Prediction of duloxetine blood concentration in patients with depression based on machine learning
- VernacularTitle:基于机器学习模型预测抑郁症患者度洛西汀的血药浓度
- Author:
Ming QIAO
1
;
Lu JIN
2
;
Yi ZHU
1
;
Junping HU
3
Author Information
1. Dept. of Pharmacy,the First Affiliated Hospital of Xinjiang Medical University,Urumqi 830011,China;Xinjiang Key Laboratory of Clinical Drug Research,Urumqi 830011,China
2. Psychological Medicine Center,the First Affiliated Hospital of Xinjiang Medical University,Urumqi 830011,China
3. College of Pharmacy,Xinjiang Medical University,Urumqi 830017,China
- Publication Type:Journal Article
- Keywords:
depression;
duloxetine;
blood concentration
- From:
China Pharmacy
2025;36(6):752-757
- CountryChina
- Language:Chinese
-
Abstract:
OBJECTIVE To provide medication reference for duloxetine use in clinical settings, particularly for patients with depression in primary medical institutions in Xinjiang that lack therapeutic drug monitoring conditions.

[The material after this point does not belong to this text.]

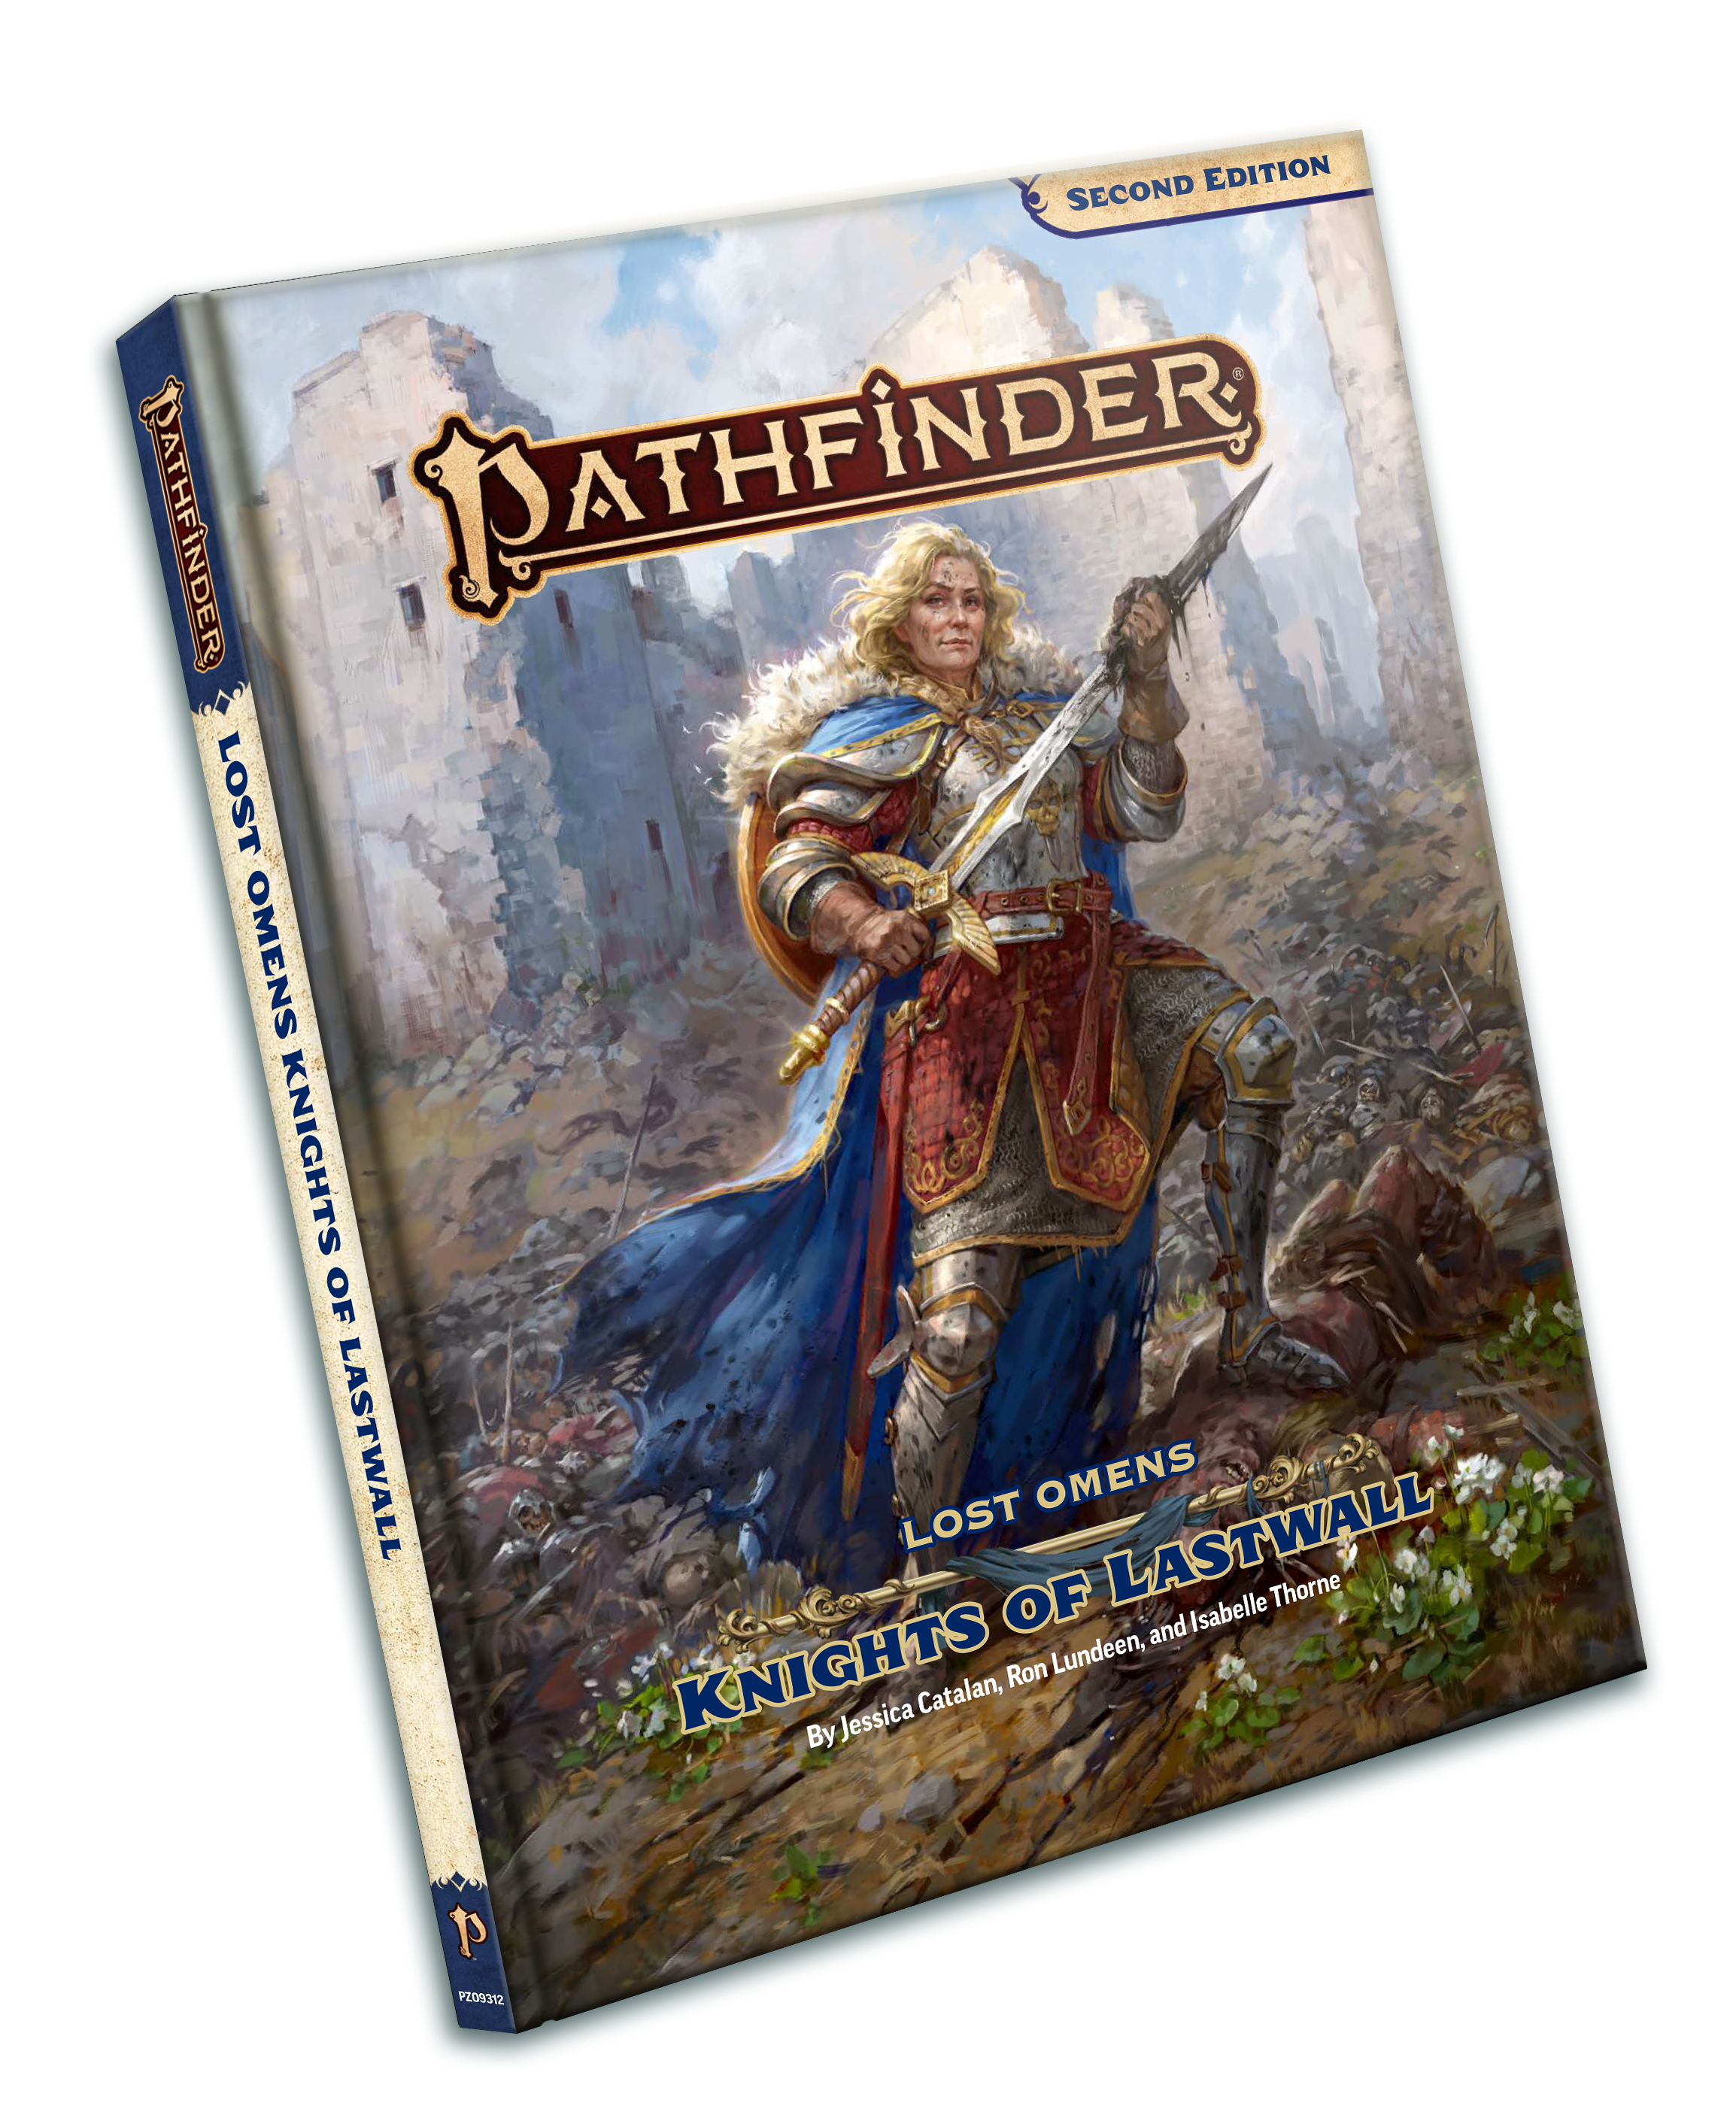 Pathfinder RPG: Lost Omens - Knights of Lastwall Hardcover
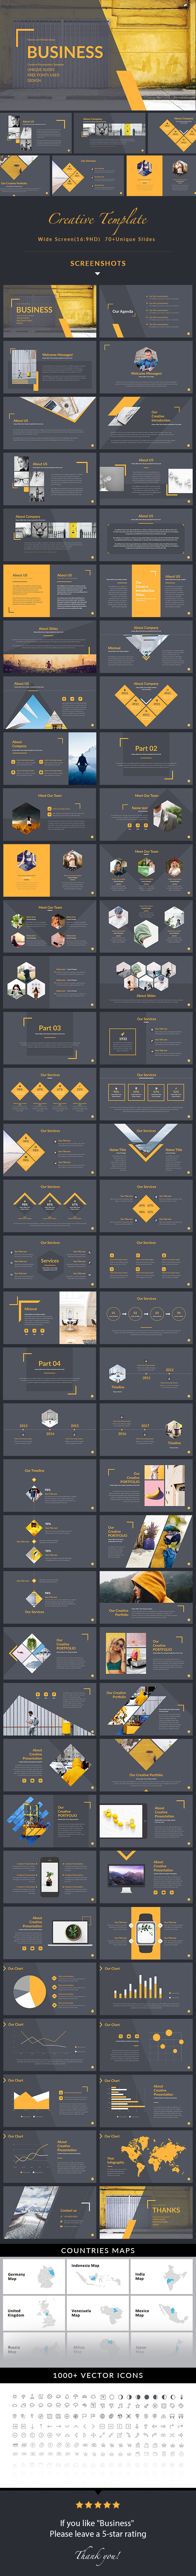 Business - Simple Multipurpose Powerpoint Template

METHODS The medical records of 281 depression inpatients taking duloxetine in the First Affiliated Hospital of Xinjiang Medical University from January 2022 to December 2023 were retrospectively collected. They were divided into training set (196 cases) and test set (85 cases) in the ratio of 7∶3. Feature selection was performed by encapsulating random forests (RF) with recursive feature elimination. Four machine learning algorithms, namely support vector machine, RF, extreme gradient boosting (XGBoost) and artificial neural network, were used to construct duloxetine blood concentration prediction model. The prediction performance of the models was evaluated and compared by coefficient of determination (R2), mean absolute error (MAE) and root mean squared error (RMSE). The feature of the selected optimal model was explained by Shapley additive explanation method, and the importance ranking of the features and the influence on the prediction results of duloxetine blood concentration were determined. RESULTS A total of 29 characteristic variables were selected, including age, ethnicity, body mass index(BMI), etc. XGBoost showed the highest R2 (0.808), and the lowest MAE (7.644) and RMSE (10.808). The ranking of feature importance for predicting the blood concentration of duloxetine was as follows: BMI>age>other 20 feature sets (including liver and kidney function and biochemical indicators)>daily dosage>comorbidities>combination therapy>ethnicity>white blood cell count>hemoglobin>height. CONCLUSIONS XGBoost model possesses the best prediction performance of duloxetine blood concentration; BMI and age have a greater impact on the prediction of duloxetine blood concentration.